>>>
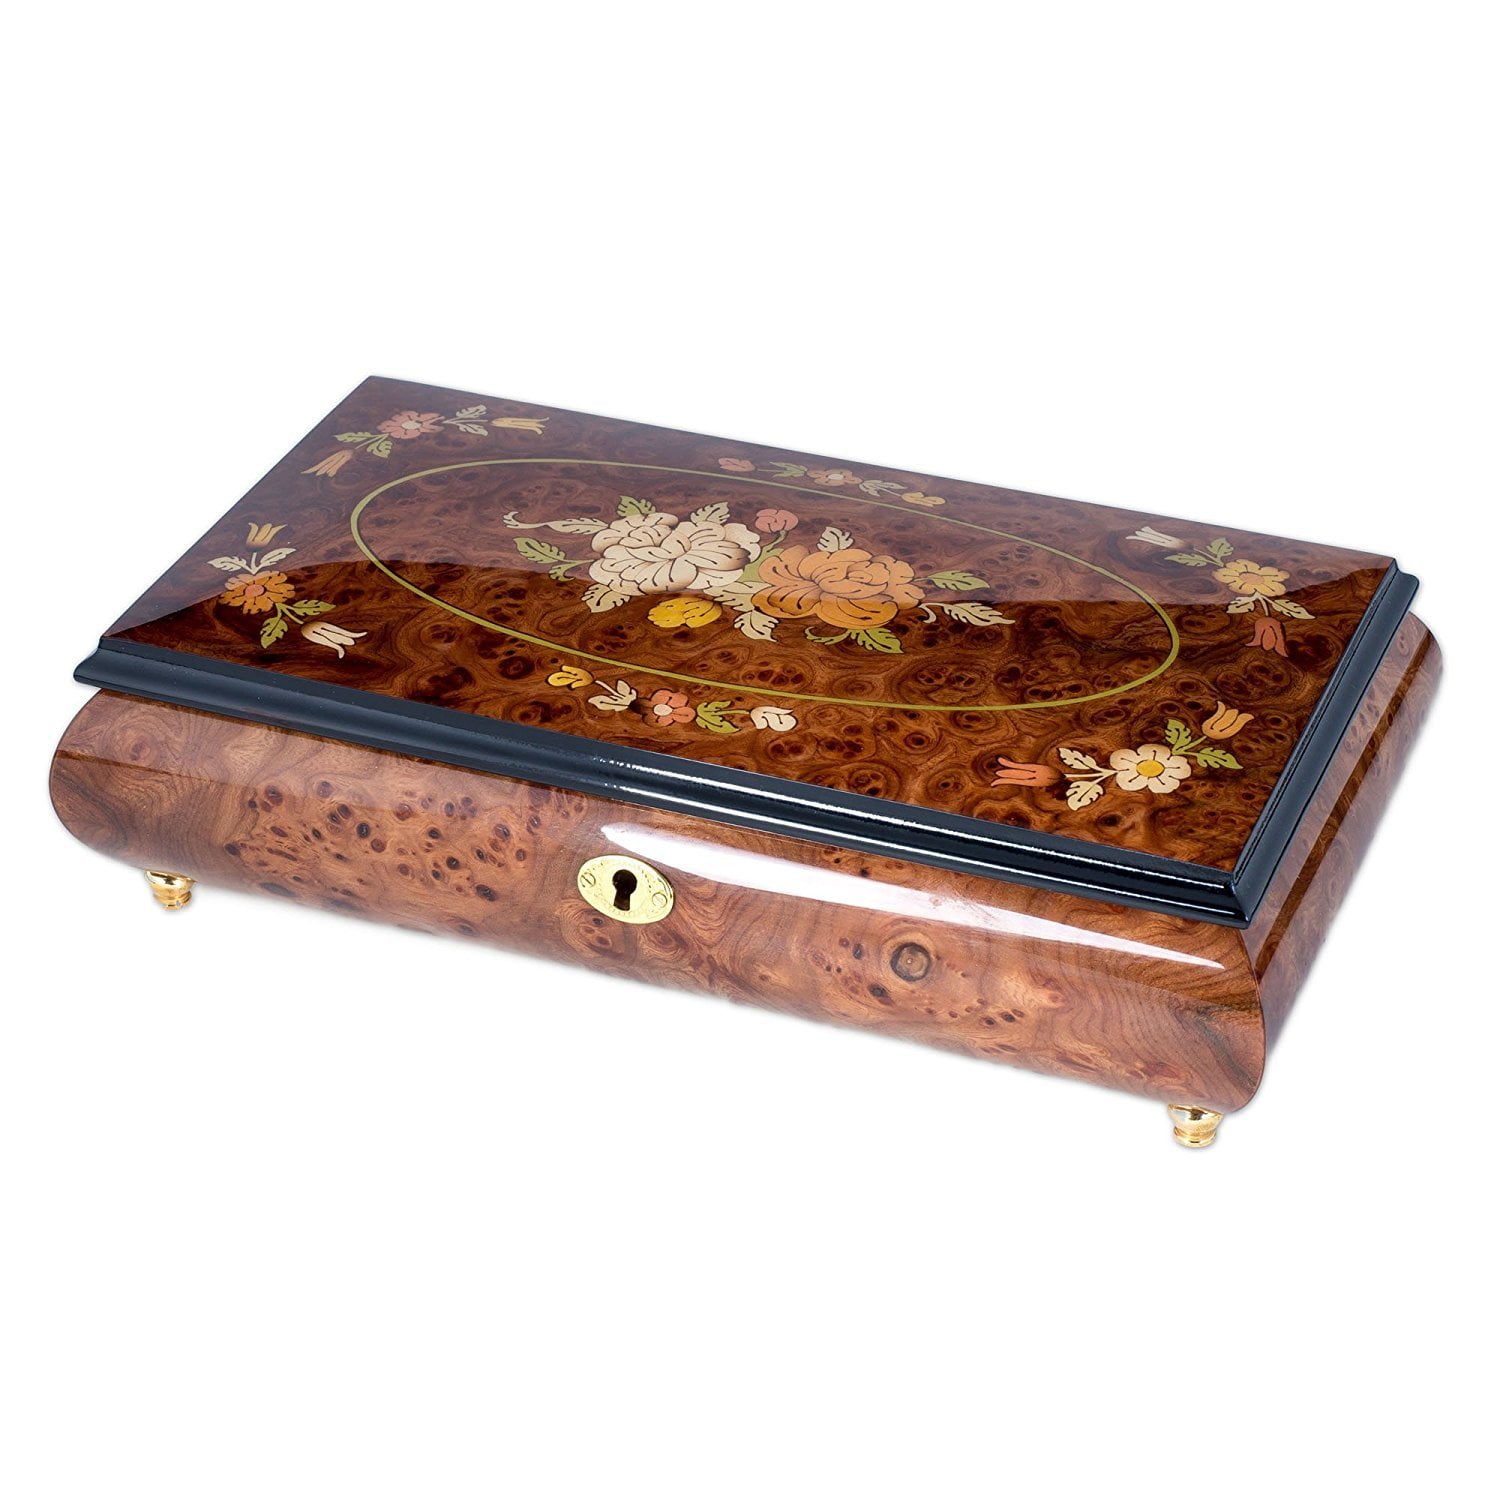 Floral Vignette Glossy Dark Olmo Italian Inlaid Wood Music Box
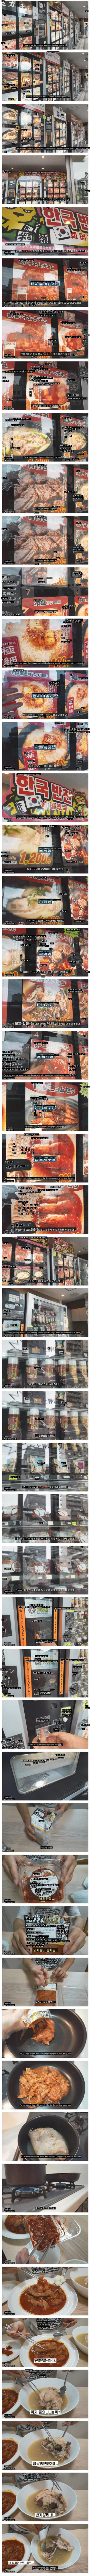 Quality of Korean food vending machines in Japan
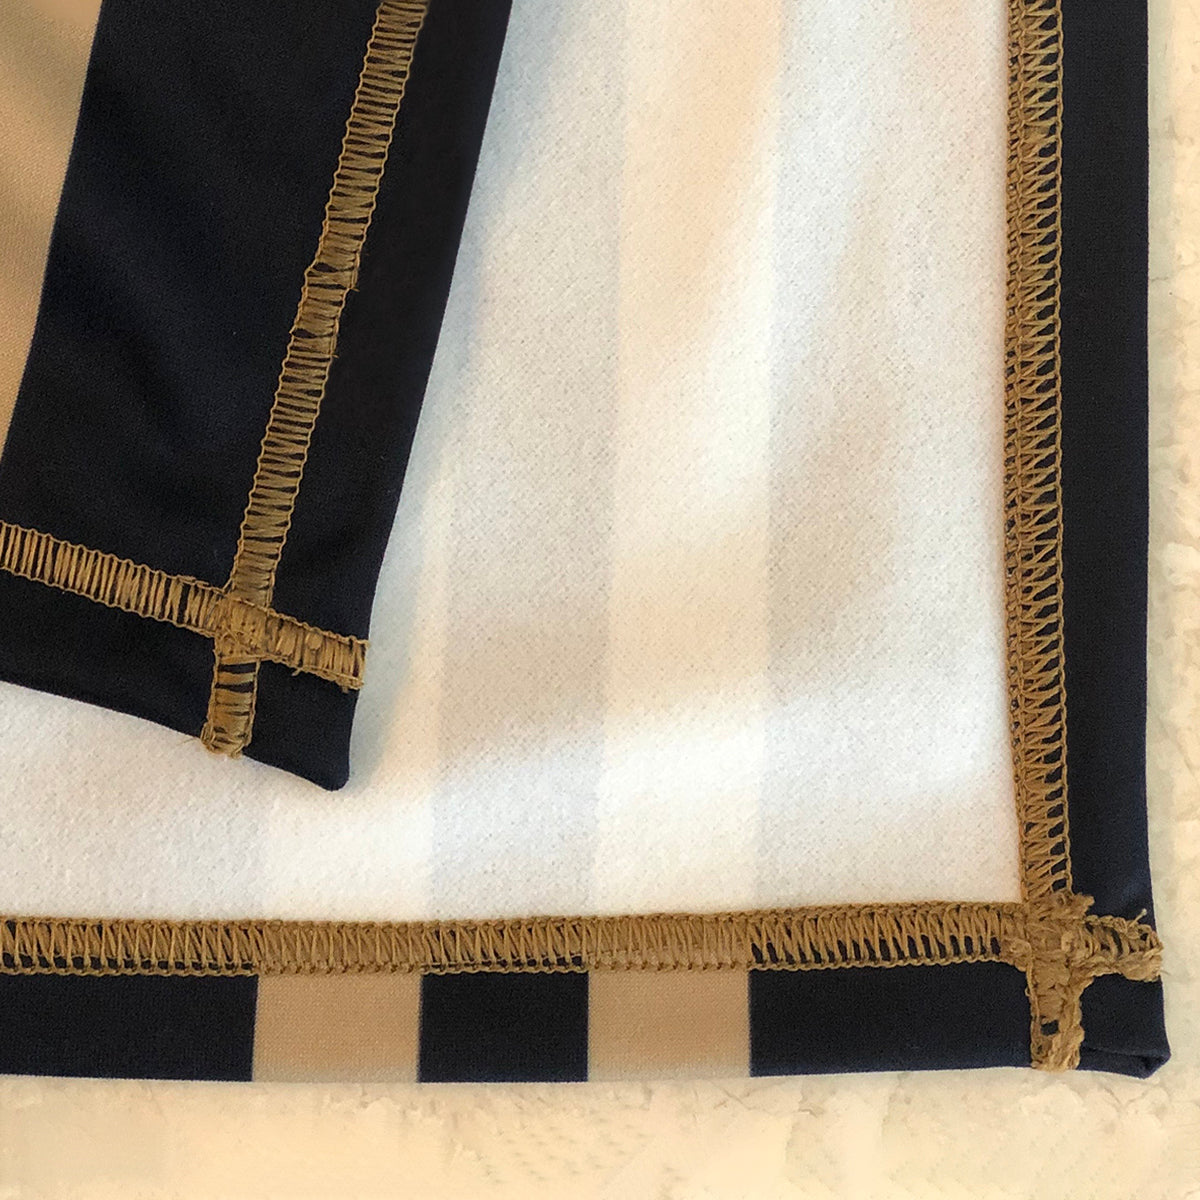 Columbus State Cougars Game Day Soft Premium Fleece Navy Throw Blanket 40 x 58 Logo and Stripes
<<<
Work to complete -> Beginning with the line that contains "Quality of Korean" and ending with the final line of the listing, return each line exactly. Omit all pictures.

Written reply ->
 Quality of Korean food vending machines in Japan
 Columbus State Cougars Game Day Soft Premium Fleece Navy Throw Blanket 40 x 58 Logo and Stripes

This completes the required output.